Накануне вечером мы медвежонка не мыли, чтобы дорогой он не простудился. А Мишка ведь, как известно, был такой требовательный — все ему подавай точно по часам и боже упаси пропустить срок хотя бы на несколько минут. Тут еще, как назло, Славина мама, Нина Васильевна, решила Мишку на память сфотографировать. Принесла большую, сильную фотолампу, и, как только включила ее, медвежонок: «Р-ры!» — и цап ее за ногу повыше пятки. Укусил до крови! А сам назад пятится, клыки выставил и все рычит. Огрызался и рычал, пока сильный свет не выключили.
Да, подрос медвежонок, и теперь с ним шутки плохи.
Славина мама сказала:
— Видишь, Слава, что твой приятель наделал. А ты умолял — не отдавайте Мишутку. Хорошо, что он уезжает.
— Да-а, хорошо! — захныкал Слава. — Если его лампой не слепить, он никогда не укусит!
Но мне показалось, что Слава сказал это так, для порядка. А в душе он соглашался с тем, что пришла Мишке пора возвращаться в родные края. К медвежонку он в тот вечер больше не подходил, а все маму свою спрашивал, не болит ли у нее нога. Когда он шел к двери, я сказал Славе:
— А с Мишкой простился?
— А ну его — разбойник! Не буду прощаться… Мама, ты обопрись на мое плечо, так тебе лучше будет. Ну, пошли.
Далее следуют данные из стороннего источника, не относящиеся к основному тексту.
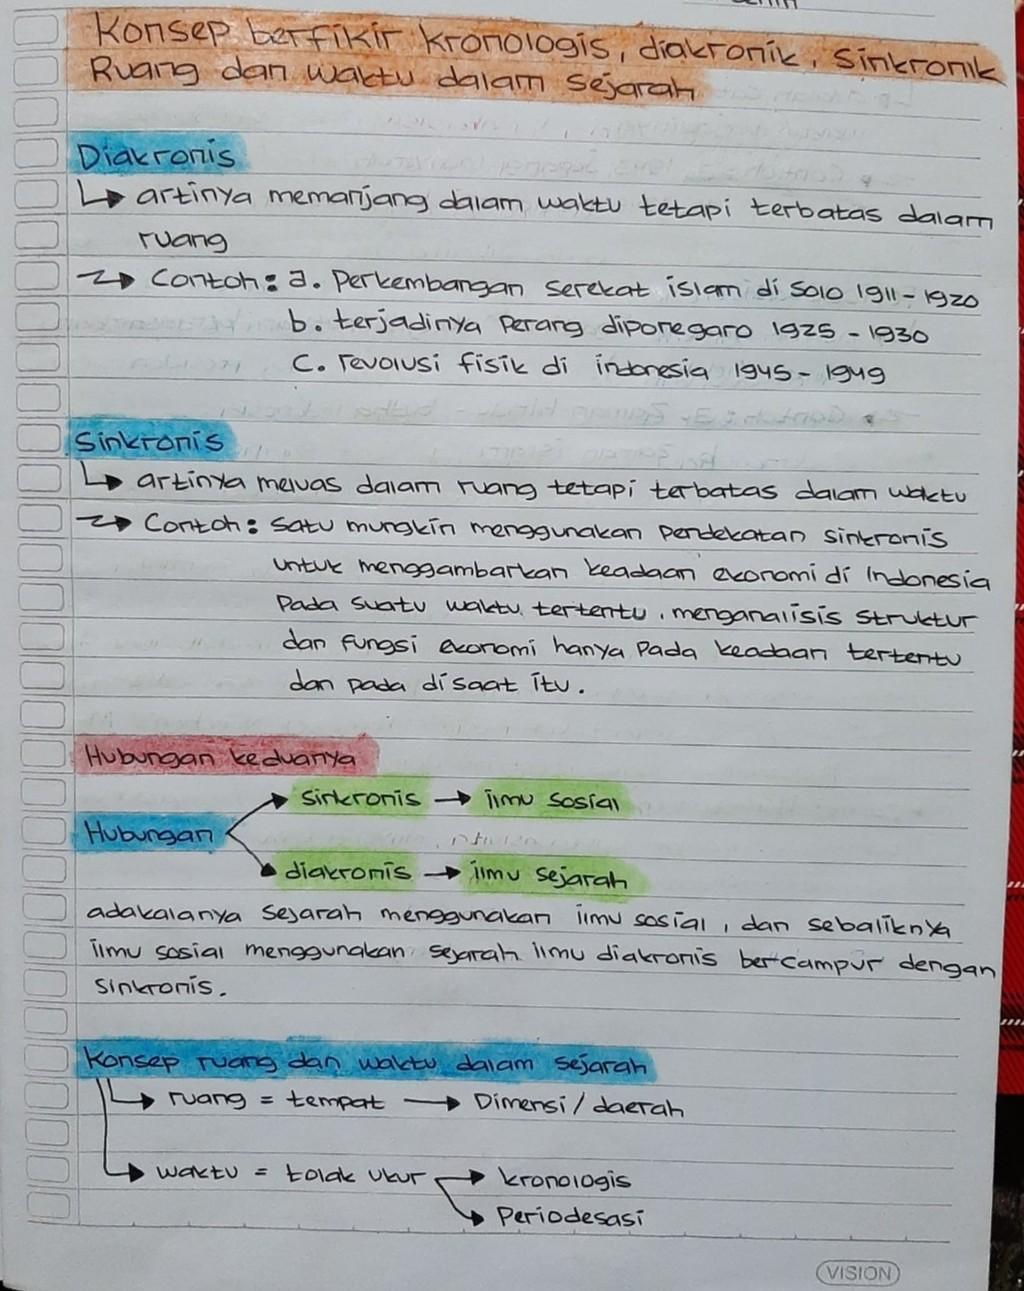 Cara Berpikir Sinkronik : berpikir, sinkronik, Masing, Contoh,cara, Berpikir, -kronologi, -sinkronik, -diakronik, -periodisasi, Brainly.co.id

А ведь этот случай с Ниной Васильевной был не первым. И до Славиной мамы Мишка пробовал уже пускать в ход свои зубы. Правда, тот первый случай был совсем другого порядка. Мне кажется, что с Мишкой стало труднее управляться с тех пор, как он начал разбираться в людях. Раньше ему было все равно: человек и человек. Он видел обшлага брюк, туфли или тапочки, а то еще сапоги — черные и блестящие. И терся о них без разбора, считая, видимо, что все люди одинаковы и ко всем можно проявить любовь, ласку, всем довериться. Однако со временем Мишка, очевидно, смекнул, что люди бывают разные.
В нашем доме жил один человек из тех людей, что любят только сами говорить, а других слушать — ни-ни. Звали его Игорь Игоревич. Слава говорил, что этот Игорь Игоревич любит прикидываться, и называл его еще: «Господин Исподтишка». Однажды Игорь Игоревич пришел в гости к Славиной маме, увидел у них в комнате кошечку и ну охать: «Ах, какой котик! Ну что за прелесть! Где вы только такого достали?» А потом сидел он со Славиком и с его мамой — чай пили. И вдруг слышат: котик под столом как взвизгнет. И выскочил коташка как ошпаренный. Что такое? Славик с мамой переглянулись: все ясно — котик ласкался и терся под столом о ногу Игоря Игоревича, а тот его исподтишка ногой пнул. Думал, что пройдет это незамеченным. Но котик выдал этого Исподтишка.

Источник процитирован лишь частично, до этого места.